-- Work instruction --
The output should be limited to the line holding "With a pretty" and the lines after it through the end of the entries, each restated exactly.

Dataset items
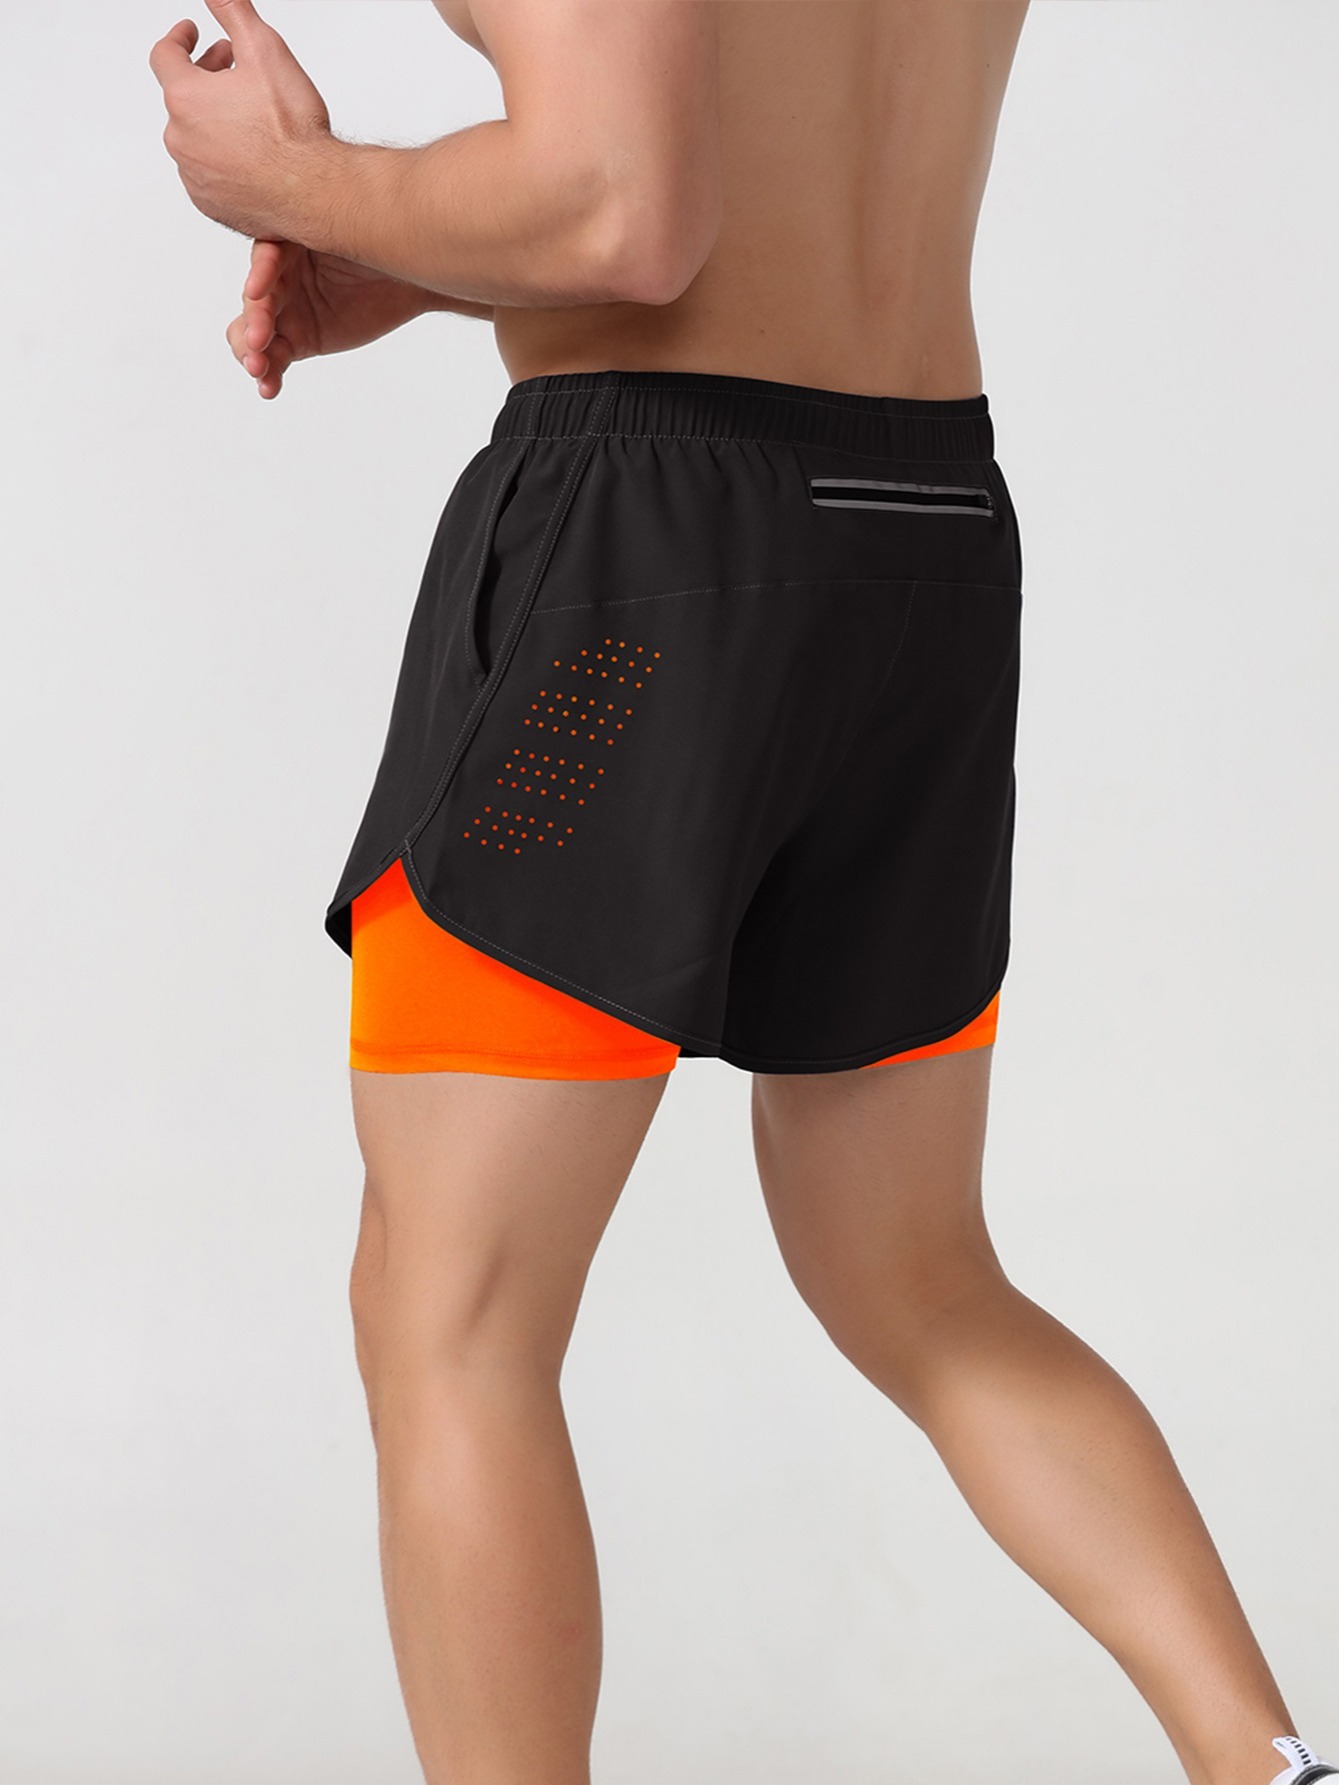 PEASKJP Mens Straight Shorts Athletic Gym Shorts Quick Dry Workout Running  Shorts with Pockets,Orange S
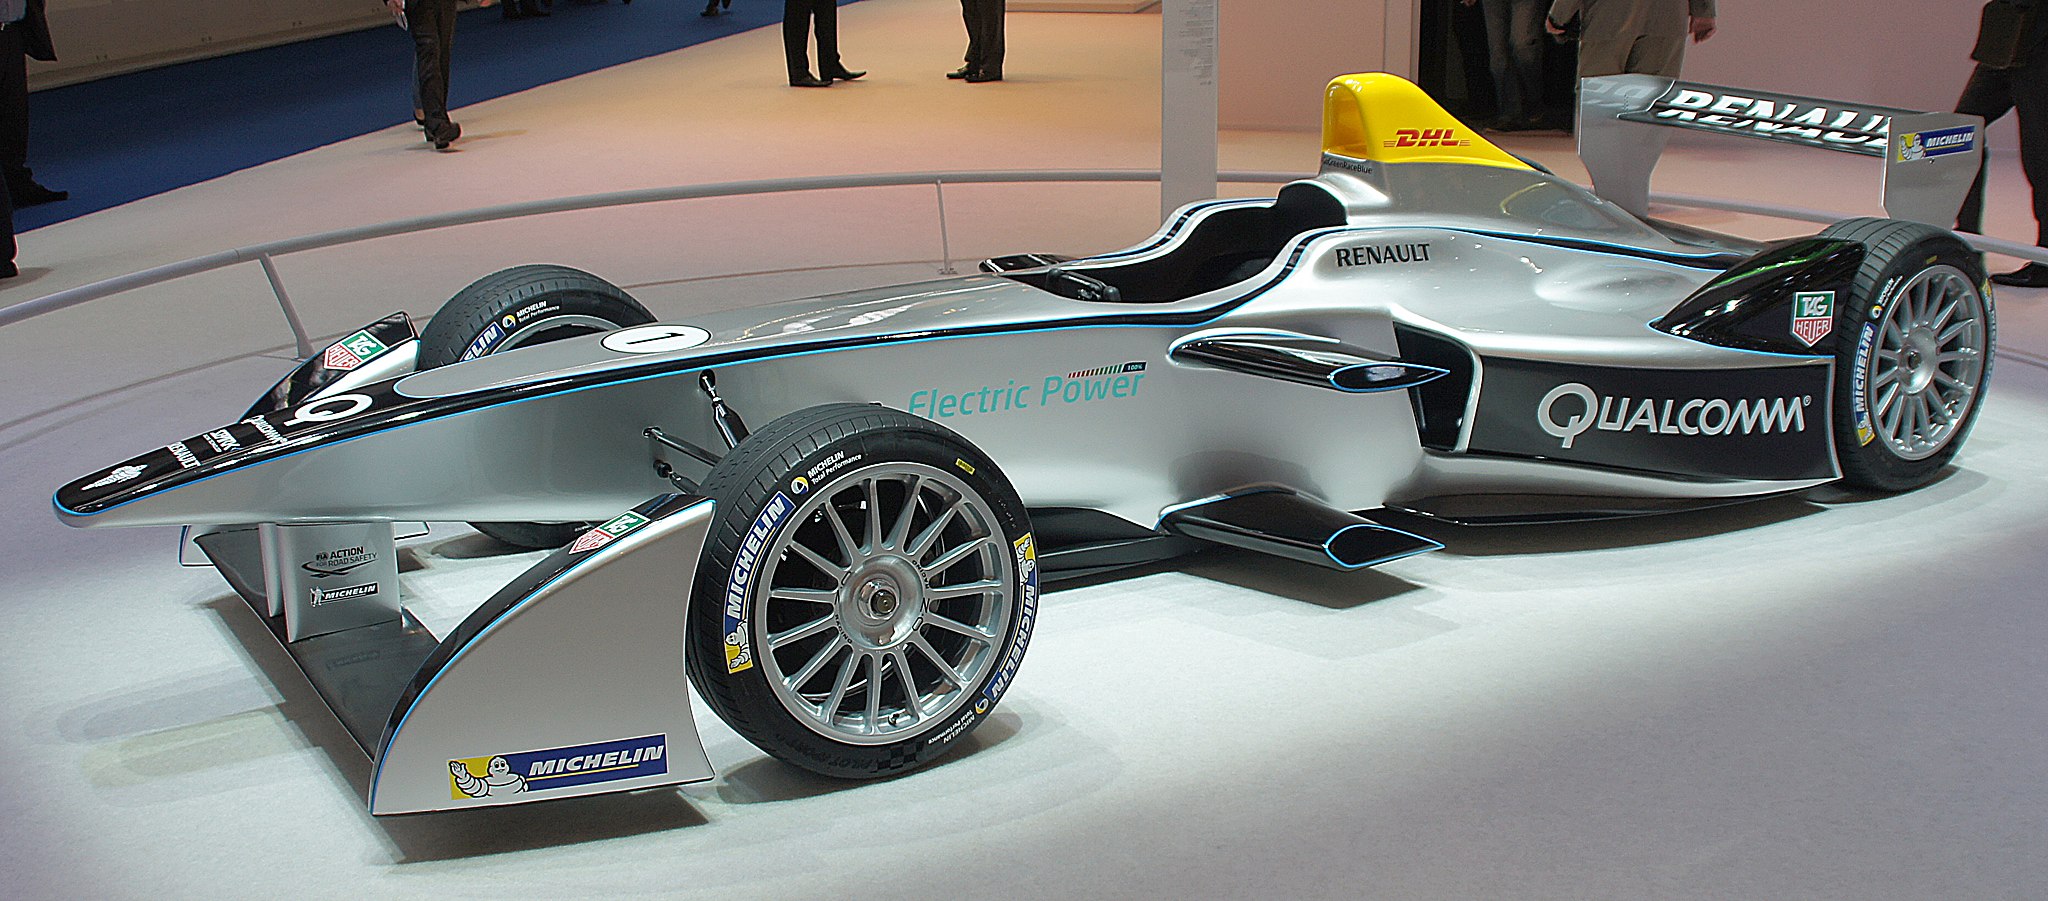 Quiet race cars? Yes! “Formula E racing” is a hot new world sport
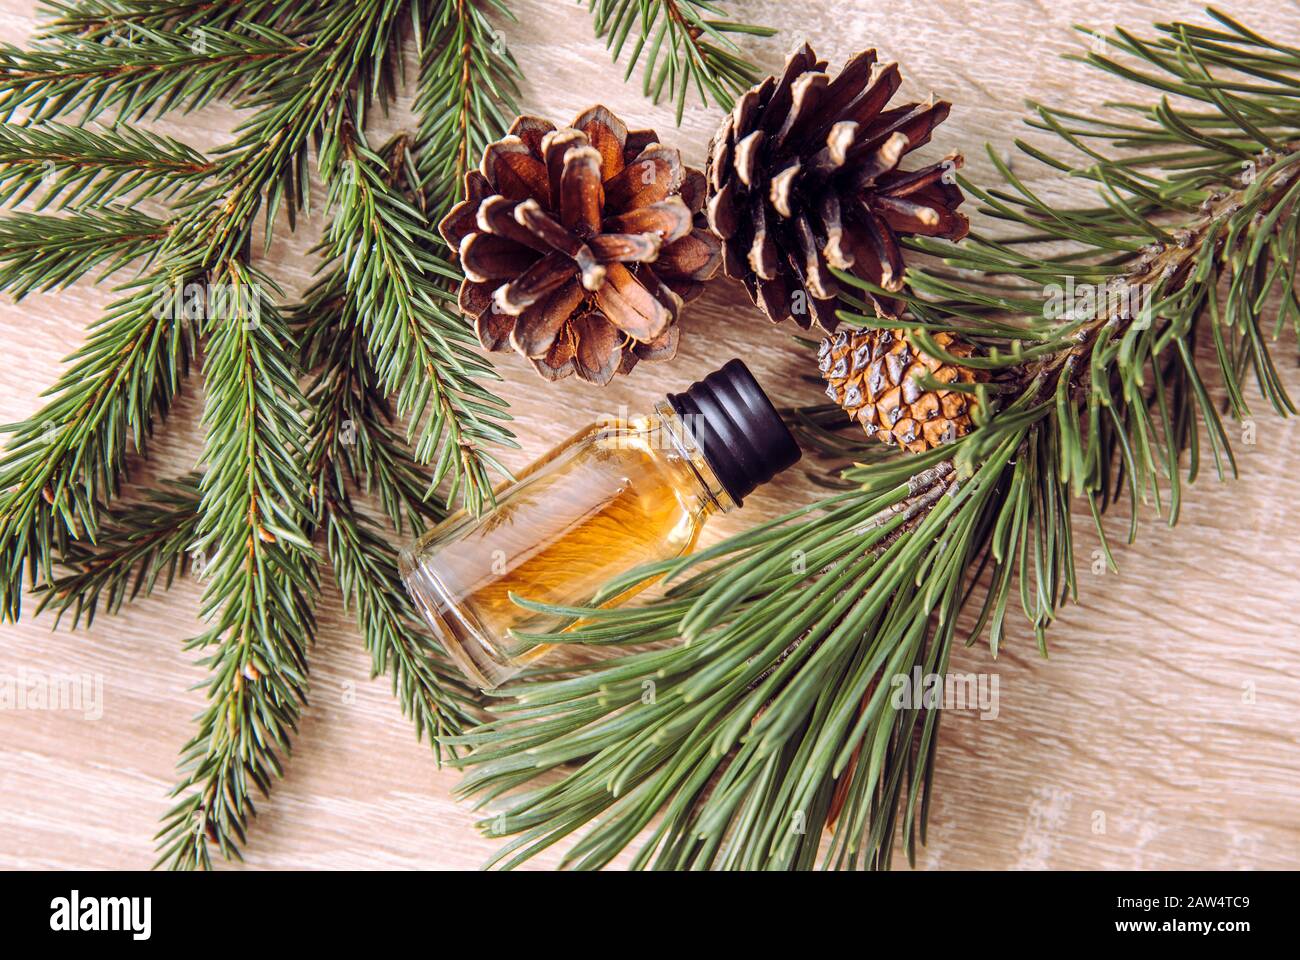 Pine and fir tree aroma oil bottle with pine tree and fir tree branches for decoration on lights wooden background. Essential oil concept. Stock Photo
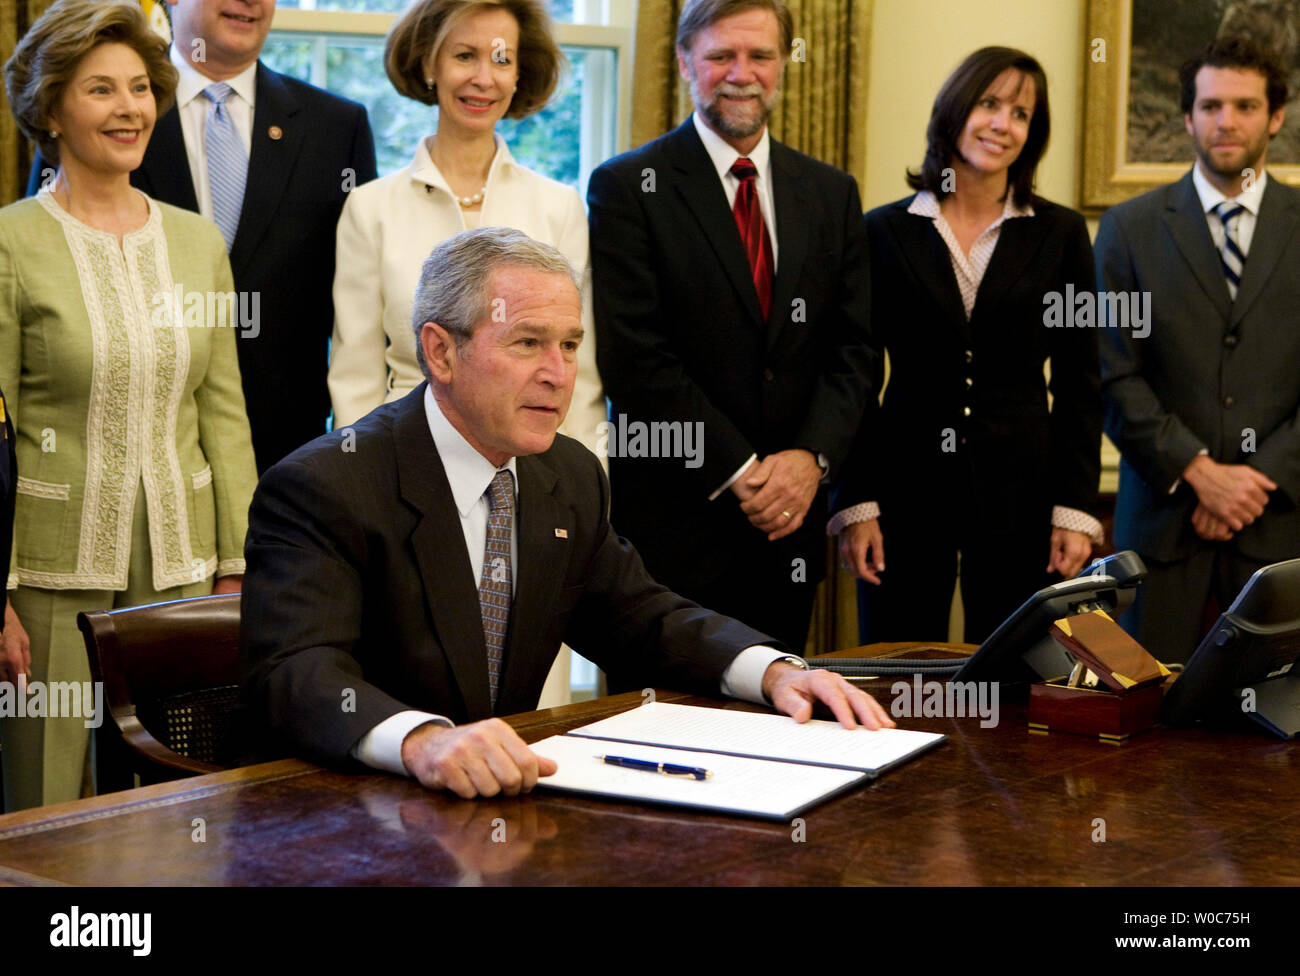 U.S. President George W. Bush signs a Presidential Proclamation in honor of Malaria Awareness Day at the White House in Washington on April 25, 2008. (UPI Photo/Patrick D. McDermott) Stock Photo
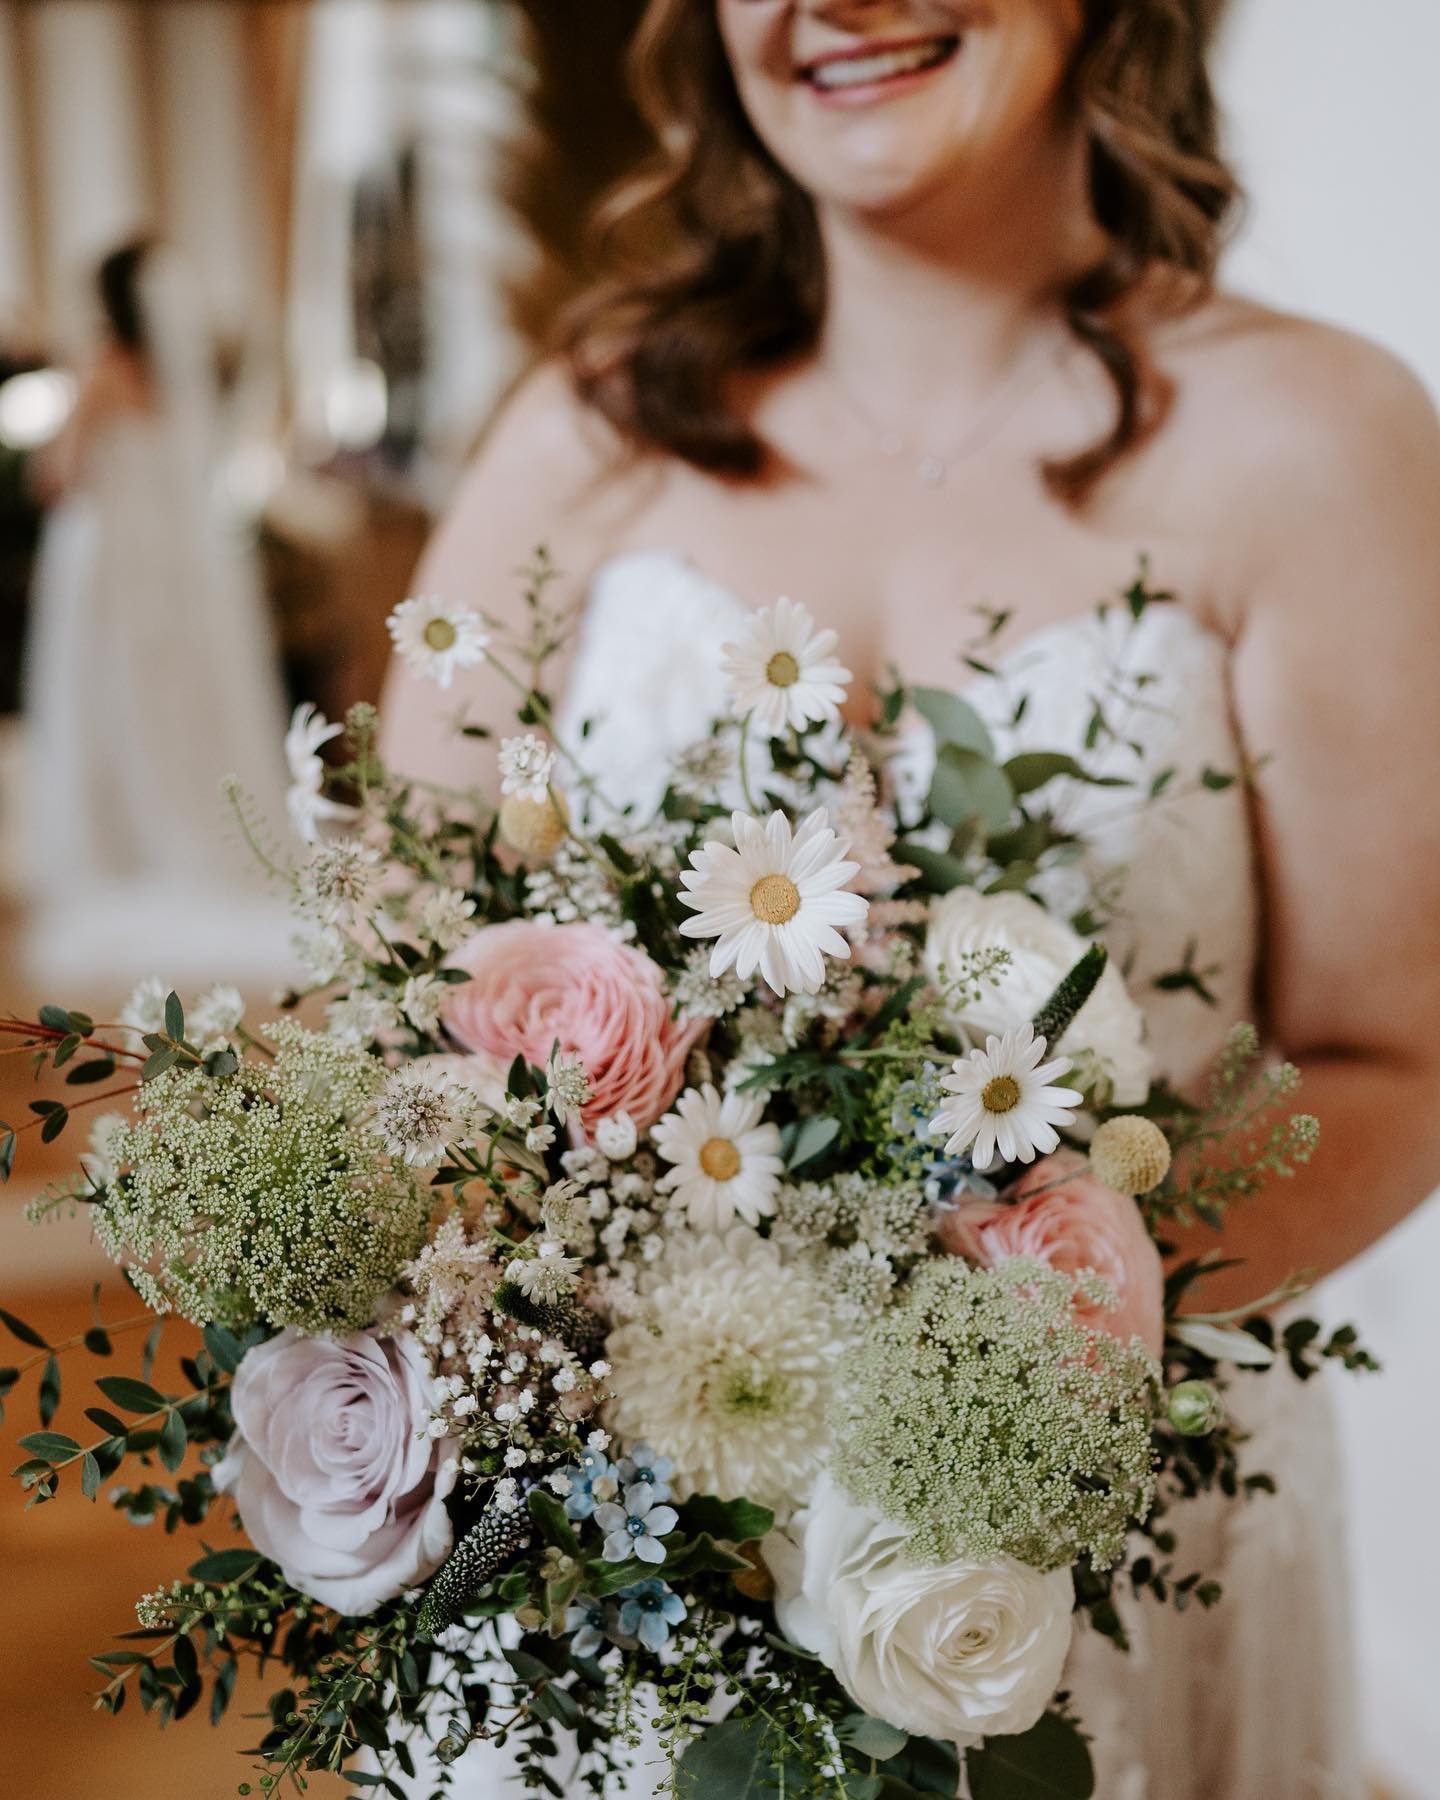 D &amp; L - one year ago today. 💫

With a pretty pastel palette, and flowers that sang the song of Spring. 🌷

We loved this wedding! 💗

📸 @laurawilliamsweddings

-- Answer to this problem --
With a pretty pastel palette, and flowers that sang the song of Spring. 🌷

We loved this wedding! 💗

📸 @laurawilliamsweddings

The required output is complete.